参照URL:https://twitter.com/inosenaoki/status/269493886378971137

この対話・発言に関するご見解をお伺いします。(複数回答可)
① 全面的に理解・支持できる
② 発言するだけでなく具体的な施策を進めてもらいたい
③ 人権は自然権であるので「認める」かどうかは問題でなく、不適当で認識不足だ
④ 選挙を意識したパフォーマンスだ
⑤ 質問に答えておらず、誠実とは言えない
⑥ 真意が分からない・伝わらないので再度説明すべきだ
⑦ 性的少数者(性的マイノリティ)の人権は認める必要がなく、理解・支持できない
⑧ ツイッターで何を発言しようが自由であり、拘束力もなく責任を負う必要もない

*その他のご意見や補足等がございましたら、ご記入をお願いいたします

・後藤輝樹 なし
この発言だけでは、誰でも言える、一般論を言ったに過ぎないと思います。というか、見方によれば、元々、人権なんて誰もが有しているもので、「認めます」と言われたら、元々、なかったか否定されてたのか、とも思えてしまいます。

・社民党 ② 発言するだけでなく具体的な施策を進めてもらいたい
     ③ 人権は自然権であるので「認める」かどうかは問題でなく、不適当で認識不足だ
     ④ 選挙を意識したパフォーマンスだ
     ⑤ 質問に答えておらず、誠実とは言えない

・すどうえいじ ② 発言するだけでなく具体的な施策を進めてもらいたい

・都議会公明党 なし
猪瀬副知事(当時)の真意が、この返答だけでは、十分に分かりませんが、都議会公明党は、性的マイノリティであると否とを問わず、何人であれ人権は尊重されなければならないと考えます。

・生活者ネット なし
同性婚などは当然認める方向で進めるべきだとは思いますが、法整備や制度設計に当たっては、今後議論が必要だと思います。

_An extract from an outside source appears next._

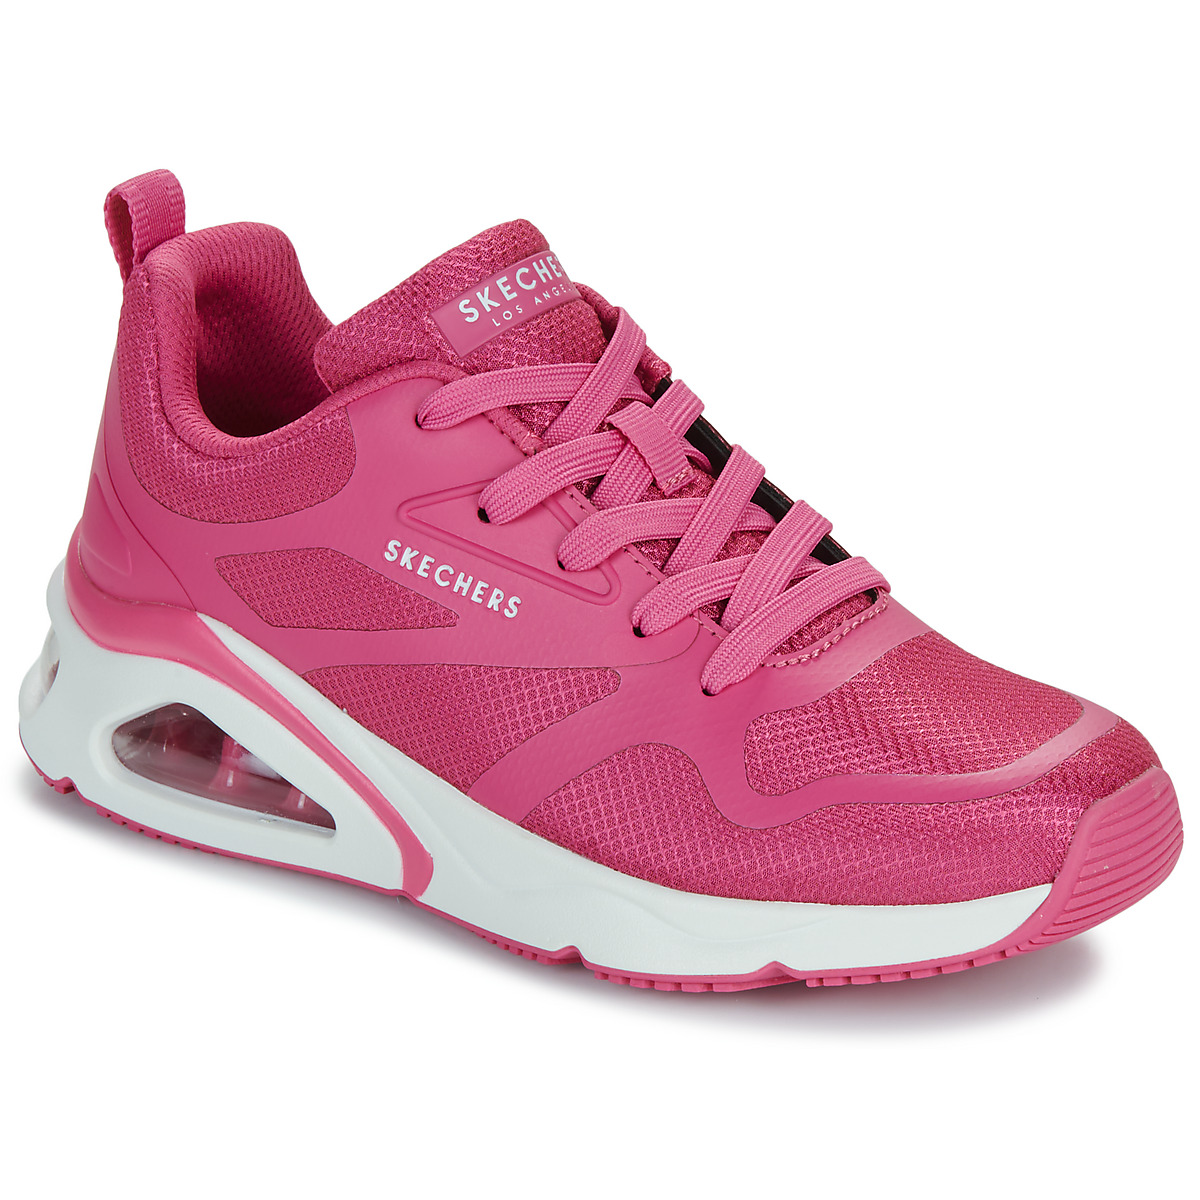 Chaussures Femme Baskets basses Skechers TRES-AIR UNO - REVOLUTION-AIRY

・都議会民主党 ⑥ 真意が分からない・伝わらないので再度説明すべきだ

・共産党 ② 発言するだけでなく具体的な施策を進めてもらいたい
     ③ 人権は自然権であるので「認める」かどうかは問題でなく、不適当で認識不足だ
     ⑤ 質問に答えておらず、誠実とは言えない

・緑の党 ② 発言するだけでなく具体的な施策を進めてもらいたい



Ⅳ.性的少数者(性的マイノリティ)に関する施策について

今後の東京都における性的少数者(性的マイノリティ)に関する施策について、ご見解をお聞かせください。

① 現状で問題はなく、特に今後取り組んでいく予定はない
② 十分とは言えないが、他に優先すべき課題がある
③ あらゆる分野で取り組みを進めていきたい
④ 優先度の高い分野から取り組みを進めていきたい
(優先度が高いと思われる分野も合わせてお聞かせください)

*その他のご意見や補足等がございましたら、ご記入をお願いいたします


・後藤輝樹 なし
まず、性的マイノリティとは、何を指すのかがわからない。同性愛なのか、フェティシズムなのか、定義がはっきりしていないので、何とも言えません。またどこが問題で、どこを改善すべきなのかも人によって様々だと思います。そういった定まった主張が無いと施策に反映しにくいと思います。

・社民党 ③ あらゆる分野で取り組みを進めていきたい

・すどうえいじ ③ あらゆる分野で取り組みを進めていきたい

・都議会公明党 なし
性的マイノリティに対する理解を深め、偏見や差別をなくすための普及・啓発に今後も取り組んでいく必要があります。

・生活者ネット ④ 優先度の高い分野から取り組みを進めていきたい
偏見・差別をなくすための施策が重要だと思います。教育と職場で、社会が受け入れる素地を作っていくことが重要です。2012年3月にできた「男女平等参画の東京都行動計画」にはセクシュアリティの記述がなく、こうしたところから取り組んでいく必要があると思います。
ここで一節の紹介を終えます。